Boarded by the Institute of Marine Research
People looking for an unusual sailing trip, are welcome to join Statsraad Lehmkuhl on some of the One Ocean Expedition stages. But for most of the trip, various institutions man the ship. Between Cuba and the United States, the Norwegian Institute of Marine Research is on board.
Finishing carrying their luggage on board, the marine researchers went straight to work. The rest of the day students from high schools in Havana were invited to visit, to learn about sea level rise, and join the researchers taking samples of the seawater.
Cuba has many stately buildings, and Hotel Nacional is one of them. The hotel was built in 1930, when Havana was a popular destination for wealthy Americans. On day two in Havana, the curved entrance was not entered by party-happy tourists, but by scientists.
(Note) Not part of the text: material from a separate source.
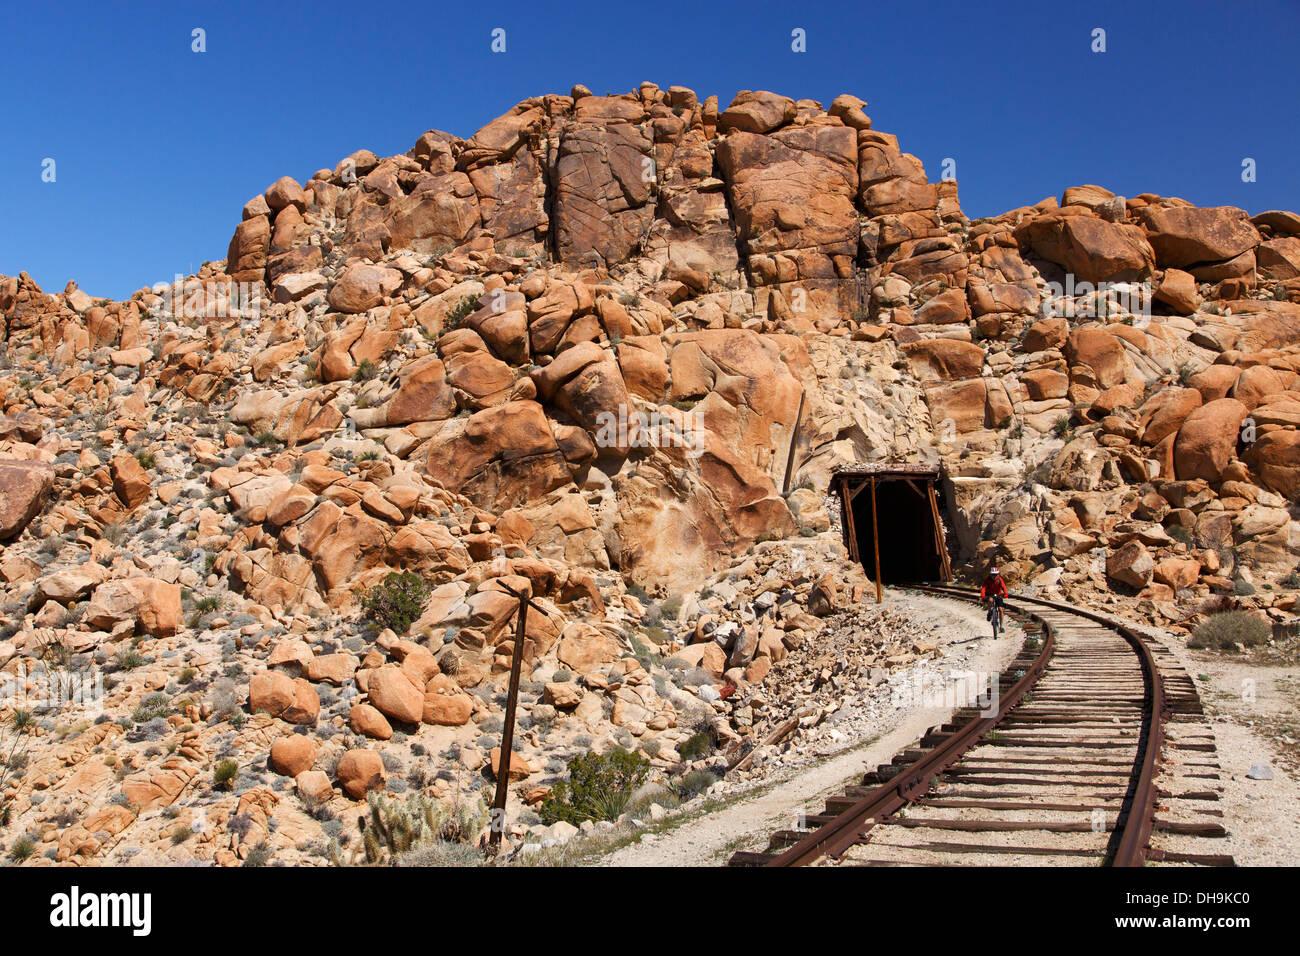 Mountain biking the Carrizo Gorge Railroad Track, Anza-Borrego Desert State Park, California. - Stock Image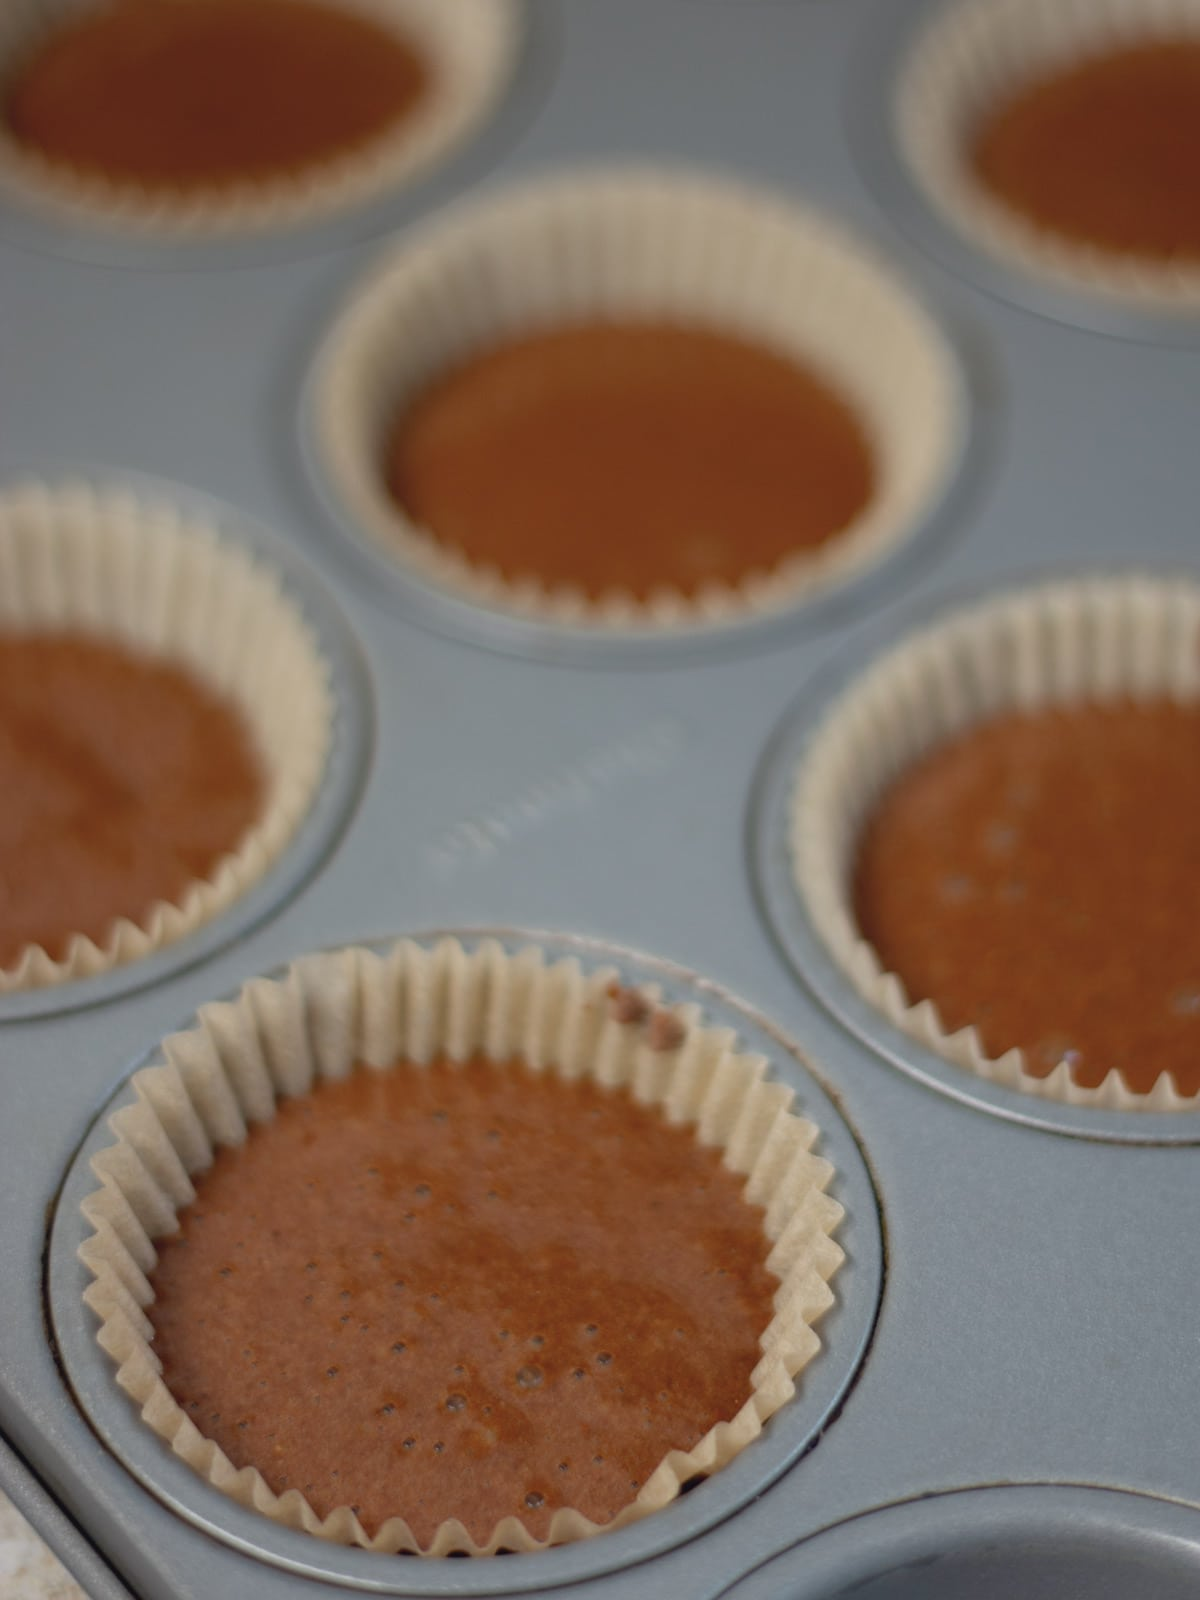 muffin batter in a muffin pan

The Cuban Centro Investigaciones Pesqueras, the Norwegian Institute of Marine Research, and the Norwegian Embassy organized the seminar «Sustainability, environment and governance for the future of the ocean». The researchers shared knowledge about fish farming and oceanography, and the students who are responsible for the field course for schoolchildren on board the Statsraad Lehmkuhl, told about their experiences.
– We got off to a good start on the cruise with the seminar at Hotel Nacional. I was filled with happiness when the seminar started, we have been working towards this for two and a half years, said Geir Lasse Taranger, who is the Institute of Marine Research's cruise leader.
Collaboration on fry production
Norway is a world leader in fish farming, and the Institute of Marine Research has helped Cubans build a facility for the production of fish fry.
– This is an important project because Cuba lacks proteins, and focuses on aquaculture. The Institute of Marine Research has collaborated with Cuban institutions for many years, and has previously had success with breeding the species cobia. We now have a good production facility for fry up and running, ending the circle, says Torstein Harboe, who is leading the project for the Institute of Marine Research.
In the video below, you can come along visiting the production facility.
Moving food production
On November 28, the moorings were lifted, and the Statsraad Lehmkuhl set course for Nassau in the Bahamas. The theme for this stage is how to move more of the world's food production from land to sea in the years to come, in a sustainable way.
The region Statsraad Lehmkuhl sails in has a special focus, so researchers from the Bahamas, Cuba and Colombia are also on board.
– An important fact that was emphasized at the seminar at Hotel Nacional is how interconnected the Caribbean island states are with the ocean currents that connect them. Cooperation across nations is absolutely necessary, says cruise leader Taranger.
Everyone who sails with the Statsraad Lehmkuhl is part of one of three watch teams that go sea watch, four hours at a time. The participants from the Institute of Marine Research as well. But in addition to being sailors, they also have professional tasks. Geir Lasse Taranger explains:
– One team will hold workshops on the integrated ecosystem, i.e. the big picture. The second team will look at the environmental effects of doing seafood production in the region, and the third team will focus mostly on the possibilities: What can we succeed in doing in the short and in the long term.
Better than a conference hotel
Cruise leader Taranger sees Statsraad Lehmkuhl as the perfect venue for the Institute of Marine Research.
– The fact that we are offline, sleeping in hammocks next to each other and have to solve common challenges associated with sailing, he explains. I hope and believe that the cruise will have a lasting effect, both for the relationship between us colleagues and on a personal level.